The little code pieces are all from stackoverflow except RunnableWithObject and restartMinecraft() :)
You need to call it like this:
restartMinecraft(getCommandLineArgs());
So what it basically does, is:
Spawns a new Process and stores it in the p variable
Makes two RunnableWithObject instances and fills the process object into their data value, then starts two threads, they just print the inputStream and errorStream when it has available data until the process is exited
Waits for the process to exit
prints debug message about process exit
Terminates with the exit value of the process(not necessary)

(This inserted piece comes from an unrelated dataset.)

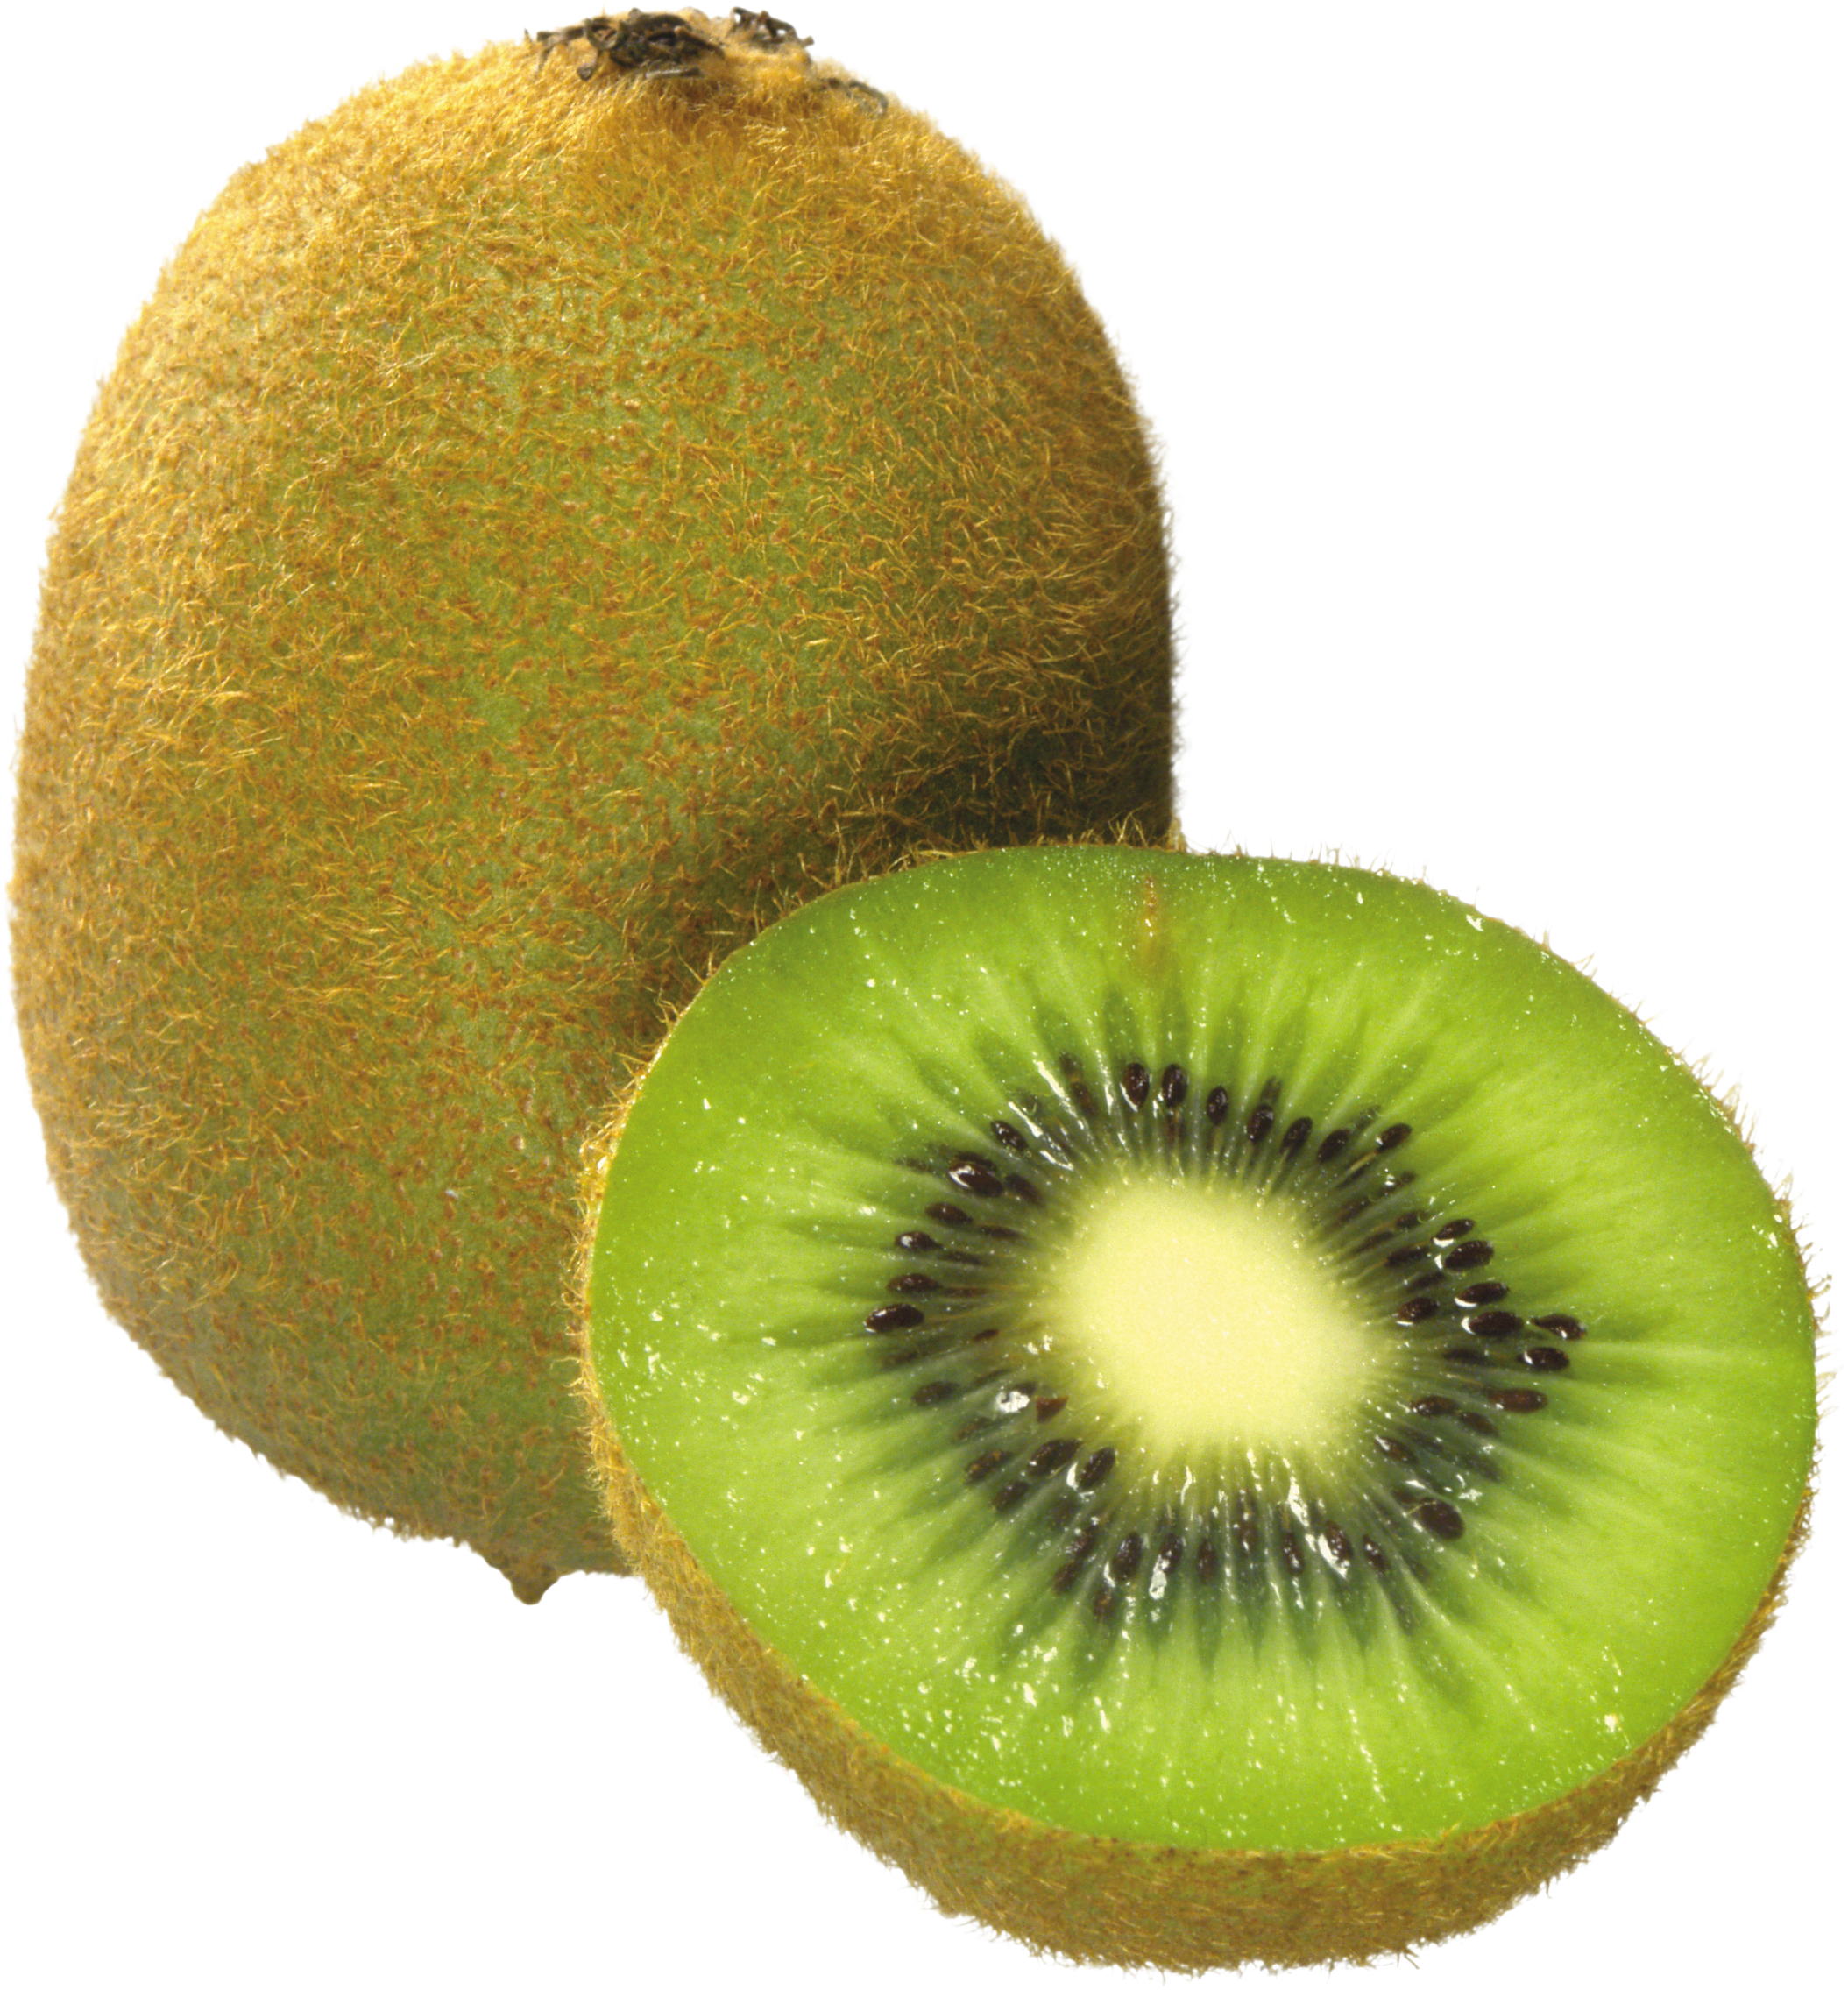 Kiwi Png Image Fruit Kiwi Png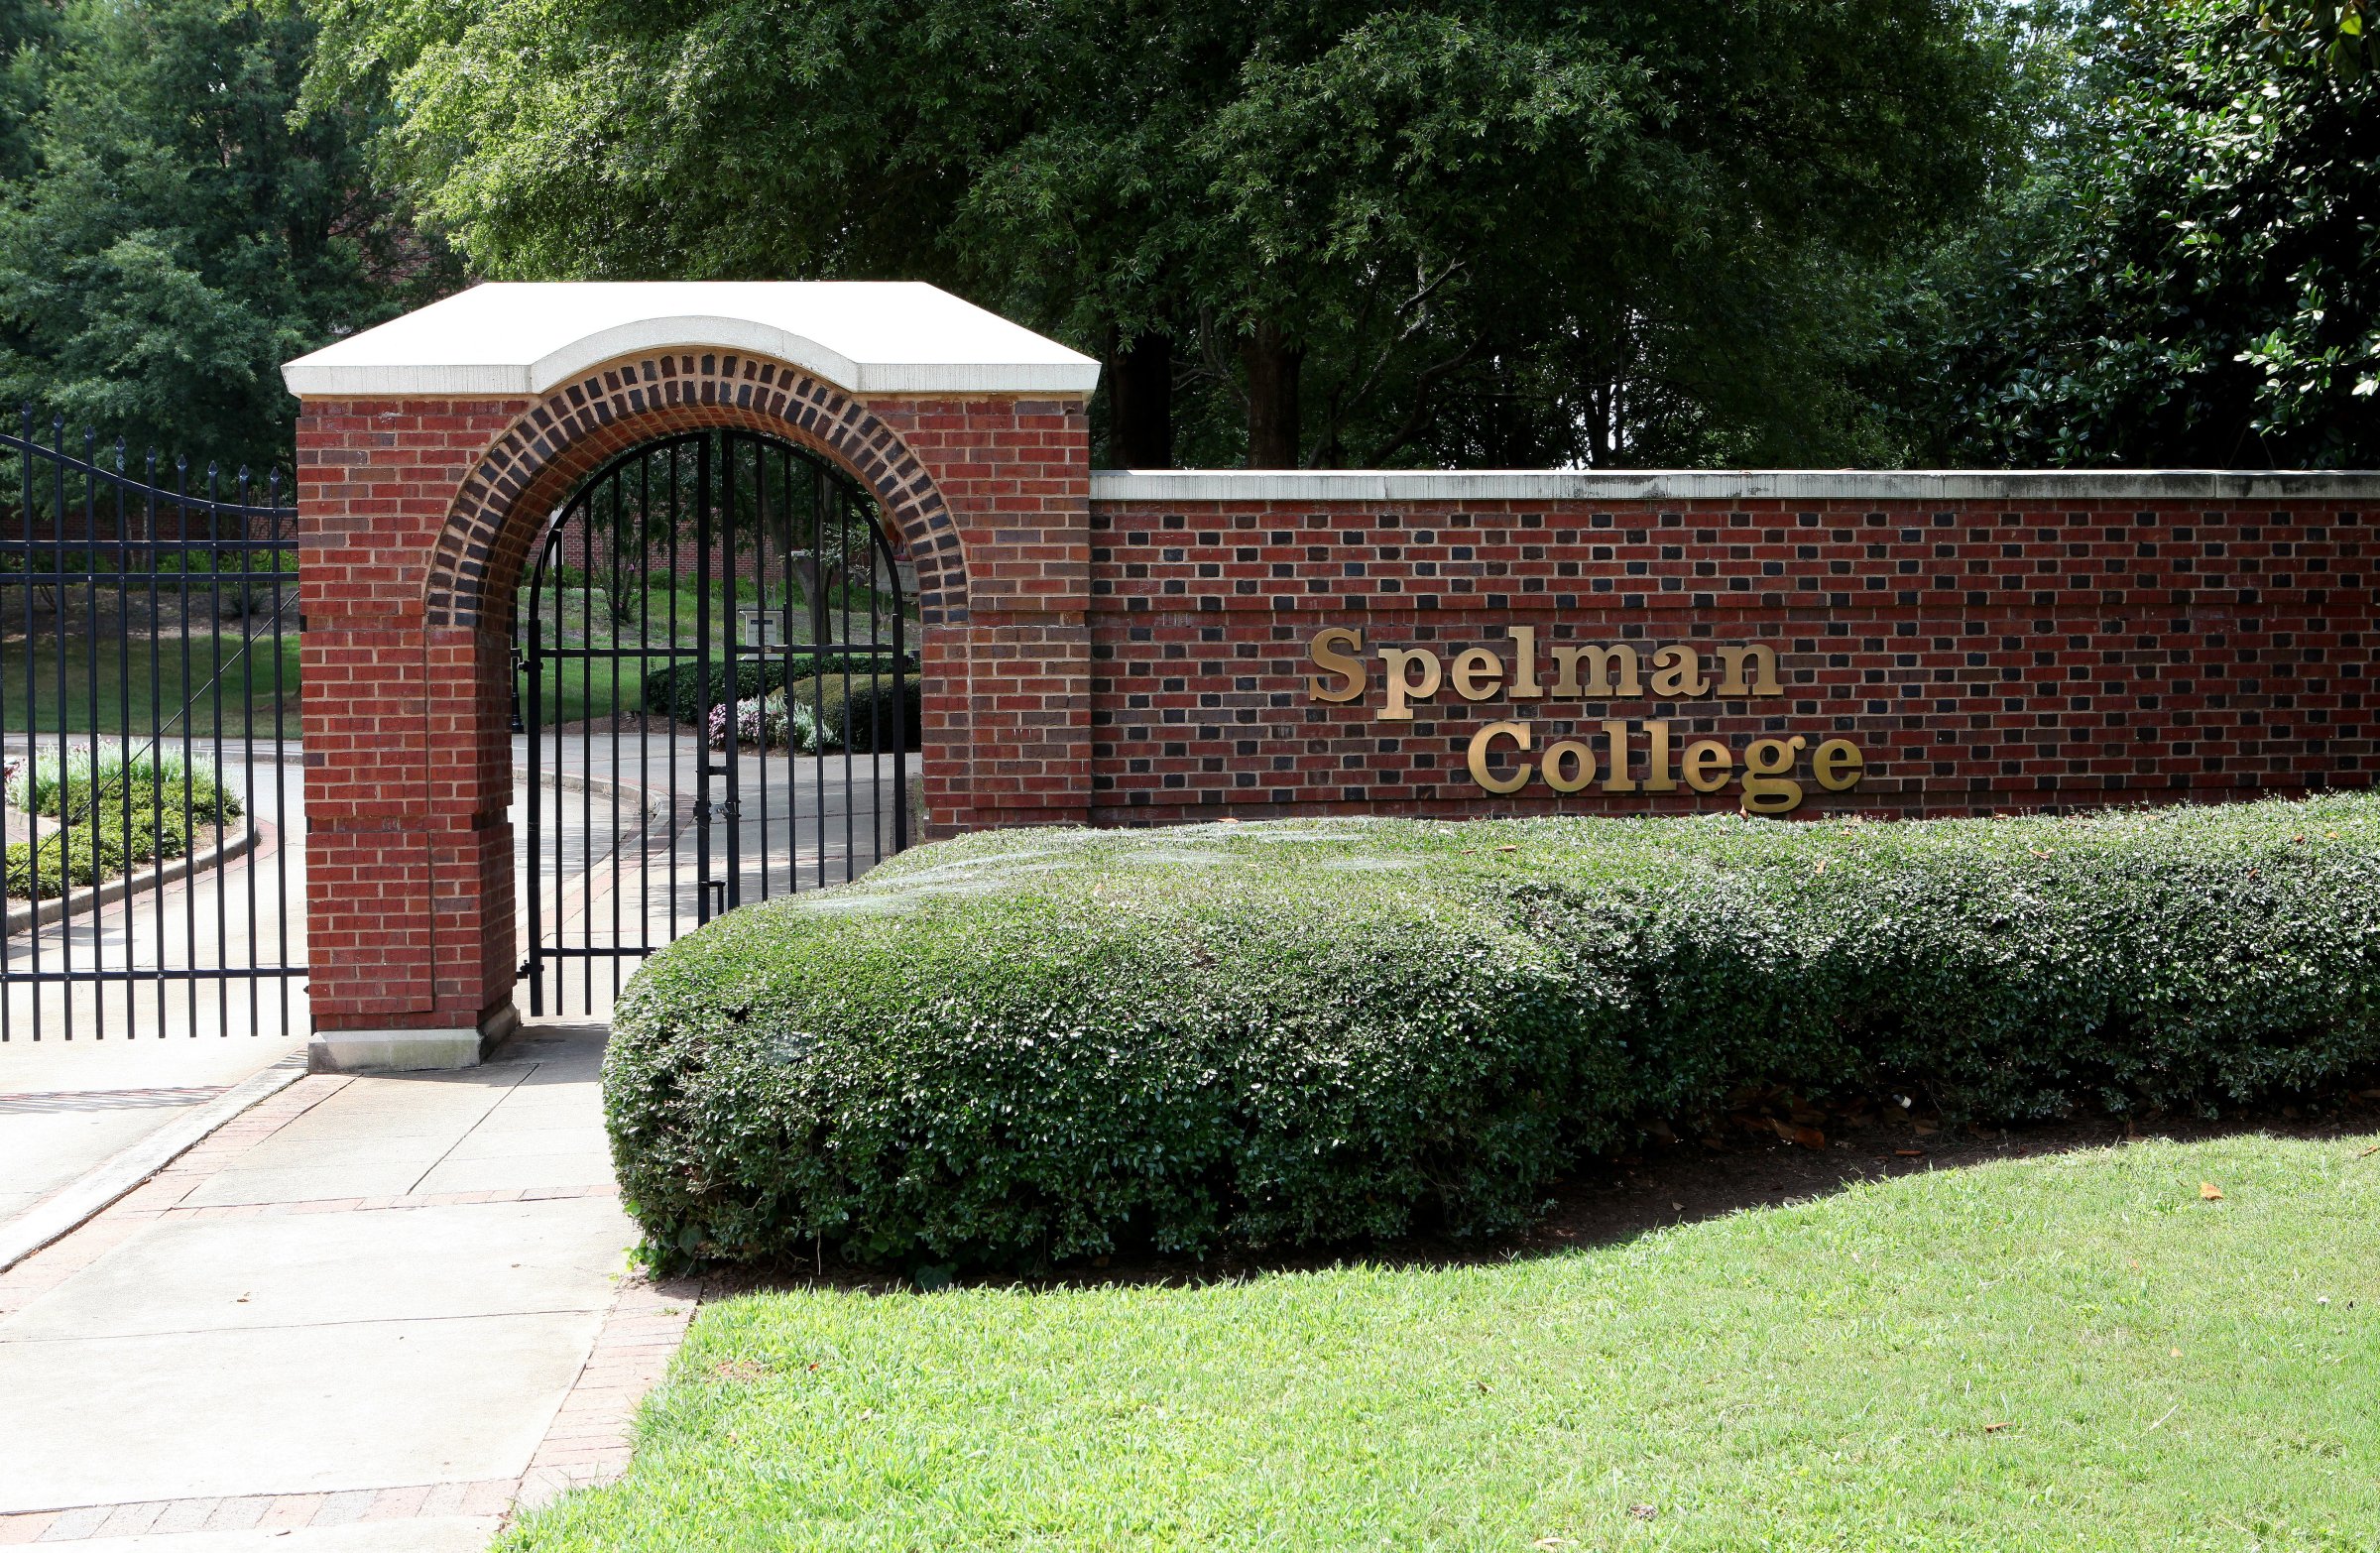 Spelman College's gate is seen on July 18, 2015 in Atlanta, Georgia.

And yes it is directly pulled from my minecraft project:)
The code:
Tools.isProcessExited() method:
public static boolean isProcessExited(Process p) {
try {
p.exitValue();
} catch (IllegalThreadStateException e) {
return false;
}
return true;
}
Tools.restartMinecraft() method:
public static void restartMinecraft(String args) throws IOException, InterruptedException {
//Here you can do shutdown code etc
Process p = Runtime.getRuntime().exec(args);
RunnableWithObject<Process> inputStreamPrinter = new RunnableWithObject<Process>() {
#Override
public void run() {
// TODO Auto-generated method stub
while (!Tools.isProcessExited(data)) {
try {
while (data.getInputStream().available() > 0) {
System.out.print((char) data.getInputStream().read());
}
} catch (IOException e) {
}
}
}
};
RunnableWithObject<Process> errorStreamPrinter = new RunnableWithObject<Process>() {
#Override
public void run() {
// TODO Auto-generated method stub
while (!Tools.isProcessExited(data)) {
try {
while (data.getErrorStream().available() > 0) {
System.err.print((char) data.getErrorStream().read());
}
} catch (IOException e) {
}
}
}
};
inputStreamPrinter.data = p;
errorStreamPrinter.data = p;
new Thread(inputStreamPrinter).start();
new Thread(errorStreamPrinter).start();
p.waitFor();
System.out.println("Minecraft exited. (" + p.exitValue() + ")");
System.exit(p.exitValue());
}
Tools.getCommandLineArgs() method:
public static String getCommandLineArgs() {
String cmdline = "";
List<String> l = ManagementFactory.getRuntimeMXBean().getInputArguments();
cmdline += "java ";
for (int i = 0; i < l.size(); i++) {
cmdline += l.get(i) + " ";
}
cmdline += "-cp " + System.getProperty("java.class.path") + " " + System.getProperty("sun.java.command");
return cmdline;
}
Aaaaand finally the RunnableWithObject class:
package generic.minecraft.infinityclient;
public abstract class RunnableWithObject<T> implements Runnable {
public T data;
}
Good luck :)
It's easy in JavaX: You can use the standard functions nohupJavax() or restart().